M.I.T. DEPARTMENT OF EECS

6.033 - Computer System Engineering Database Hands-On Assignment

Hands-on 8: Databases

This hands-on assignment will introduce you to databases and transactions. Many applications store data in a database similar to the one you will be using in this exercise. For example, it is common for web applications to store data in an SQL database, such as MySQL or Postgres, and in this hands-on, we will be using Postgres in particular. One of the benefits of using a database is that it provide transactions, which have before-or-after atomicity (we called this "isolation" in lecture) and all-or-nothing atomicity (we just called this "atomicity" in lecture). See chapter 9 for details. Transactions provide guarantees that an ordinary file system does not provide. The focus in this hands-on is on the before-or-after atomicity (a.k.a. isolation).

Once you are done with this hands-on assignment, submit your answers, along with the commands you ran and the output you got, using the online submission site before 11:59p.

Intro to databases

For the purposes of this exercise, we have set up a Postgres database server on the machine ud1.csail.mit.edu.
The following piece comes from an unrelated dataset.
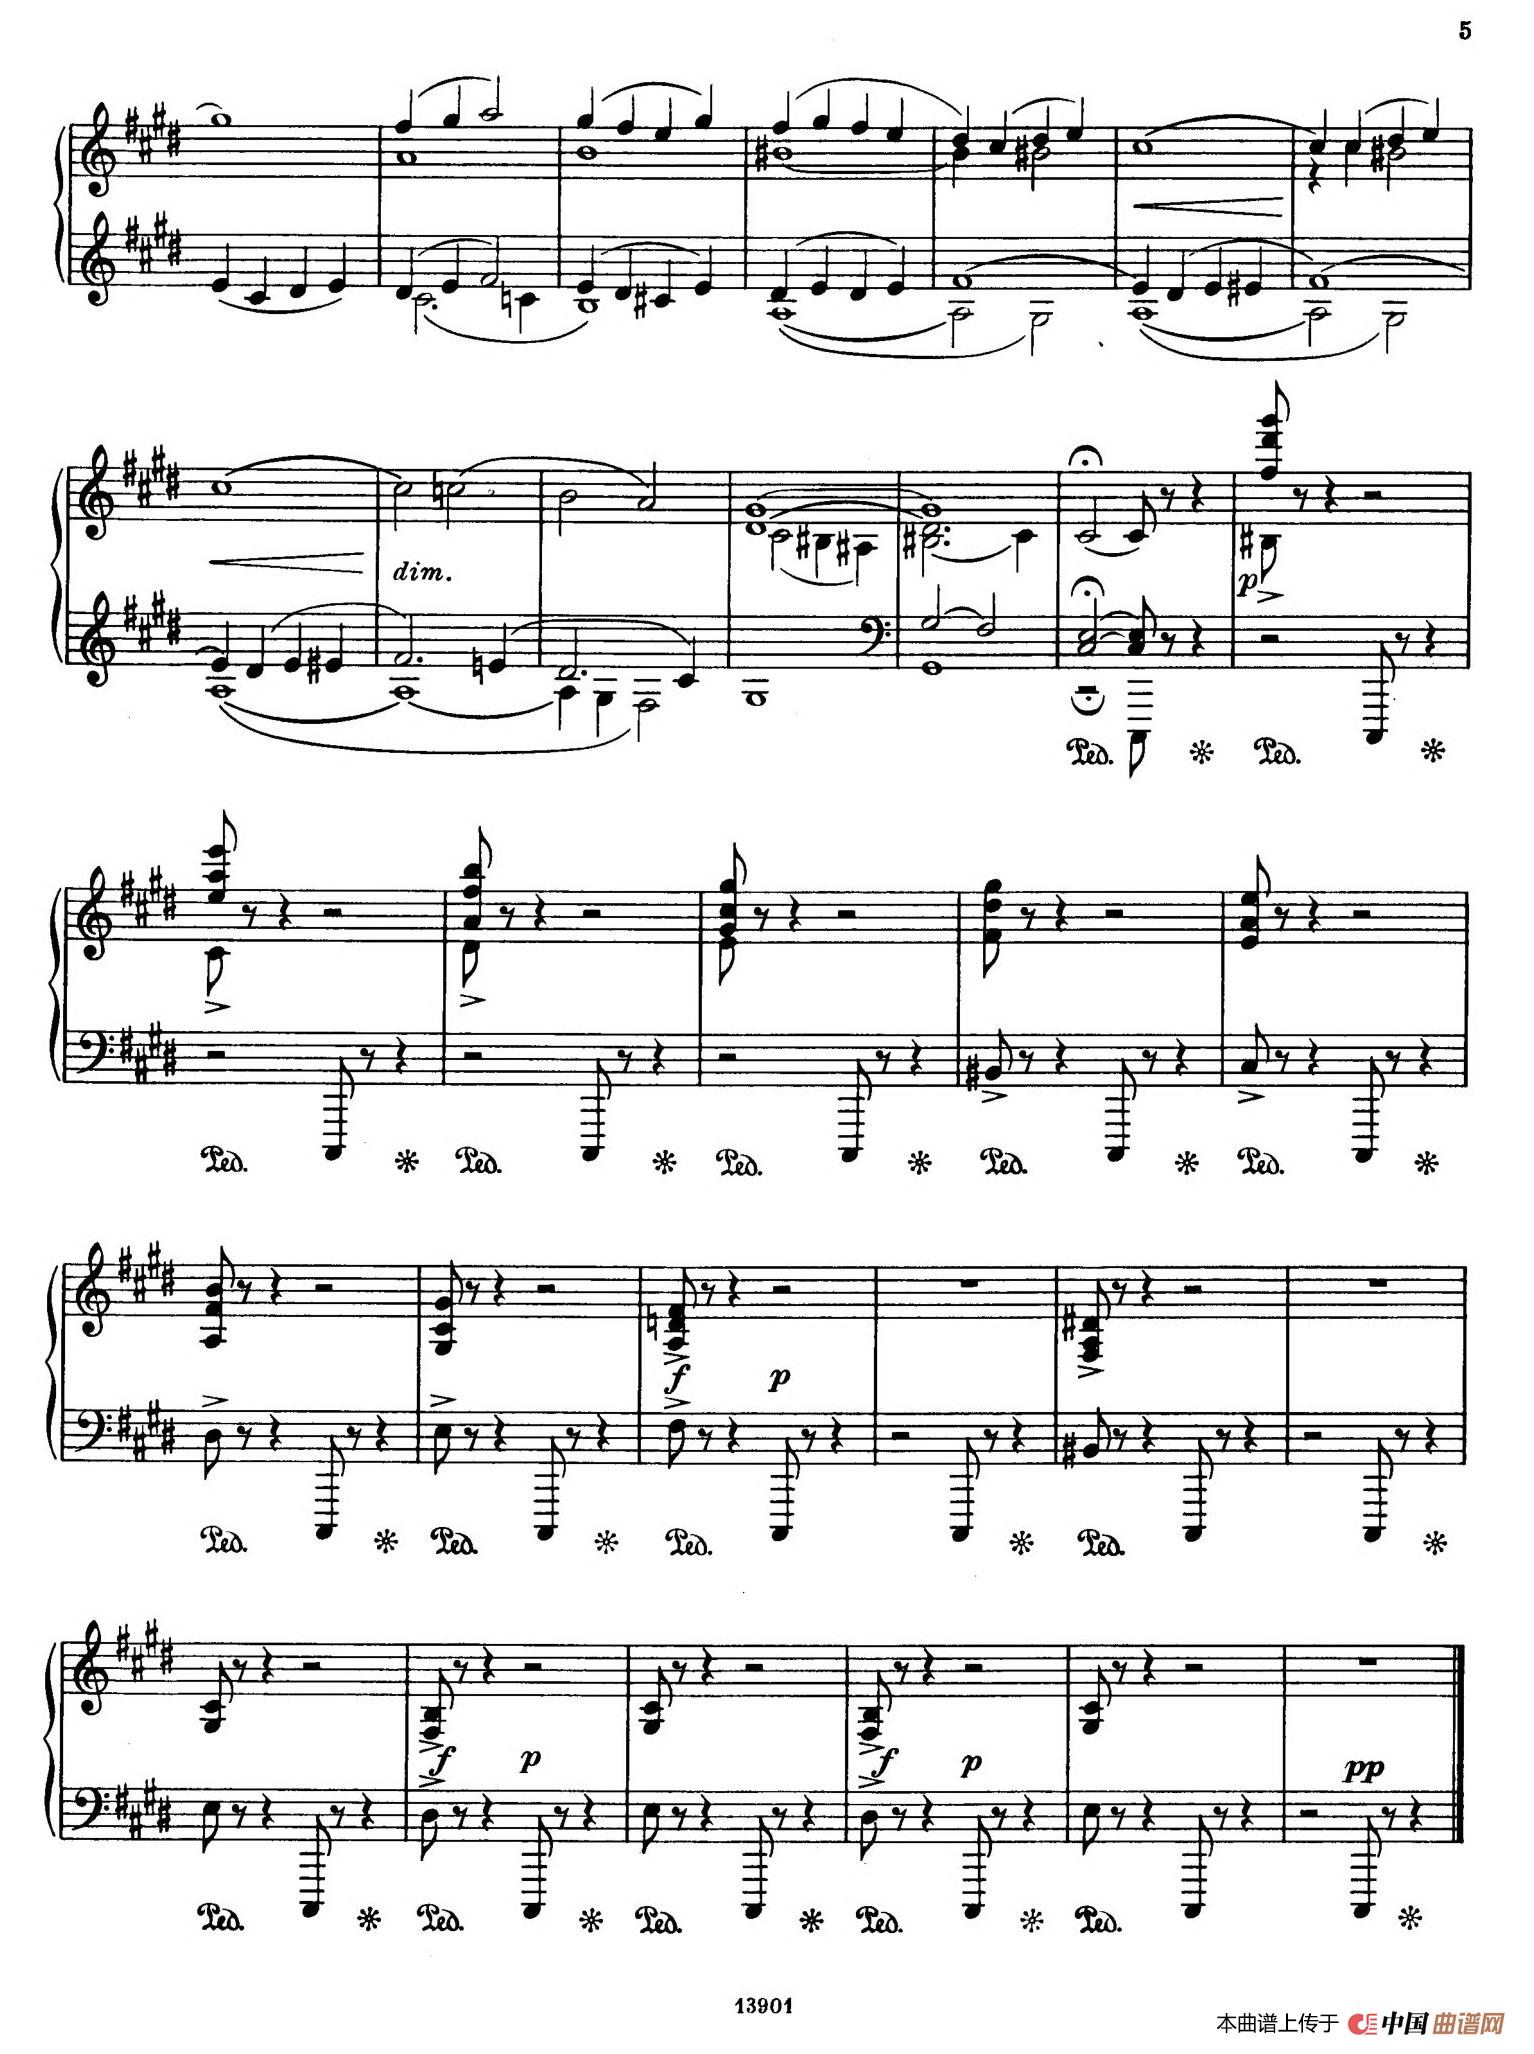 《Little Suite》钢琴曲谱图分享

We have created an account for every student registered for 6.033 this term; check the online submission web site for a short text file (under the database hands-on assignment) that contains your username and password. Please use our Postgres server for this hands-on assignment, rather than some other Postgres server, since we made some changes to defaults on our server. In particular, we changed the default transaction isolation level, which specifies what kind of before-or-after atomicity is desired, for all user accounts to SERIALIZABLE.

You can access your database by running the following commands on a Linux-based Athena workstation or dialup. To find your assigned username and password, check the online submission site for a comment under the database hands-on assignment.

athena% psql -h ud1.csail.mit.edu -U username
Password for user username: password
psql (8.4.10)
SSL connection (cipher: DHE-RSA-AES256-SHA, bits: 256)
Type "help" for help.

username=> 

The psql command allows you to issue SQL queries to the database. To exit from this shell, type \q.

SQL databases allow users (such as application developers) to organize data in tables. Each table consists of record called rows. Each row, in turn, consists of several attributes called columns. All rows in the table share the same set of columns, and these columns must be defined ahead of time by the user when the table is created.

As an example, MIT's TechCash system, which handles payments using MIT ID cards, might construct a table that stores information about accounts, such as the account holder's Athena username, their full name, and the total amount of money in their account. You can visualize the table as containing the following information, with 4 rows and 3 columns:

username fullname balance
jones Alice Jones 82
bitdiddl Ben Bitdiddle 65
mike Michael Dole 73
alyssa Alyssa P. Hacker 79

In this hands-on, you will use the SQL language to issue queries to the database to perform operations on tables. Postgres has a good tutorial on SQL, as well as a more detailed SQL language manual that you can refer to.

Using SQL

Exercise 1. As a first step, use the SQL CREATE command to create the table shown above, and then execute several INSERT commands to insert each of the rows into the resulting table, as follows:

username=> create table accounts (username varchar(8), fullname varchar(128), balance int);
CREATE TABLE
username=> insert into accounts values ('jones', 'Alice Jones', 82);
INSERT 0 1
...

If you make a mistake, you can delete the accounts table by issuing a DROP TABLE accounts; command, and then starting over.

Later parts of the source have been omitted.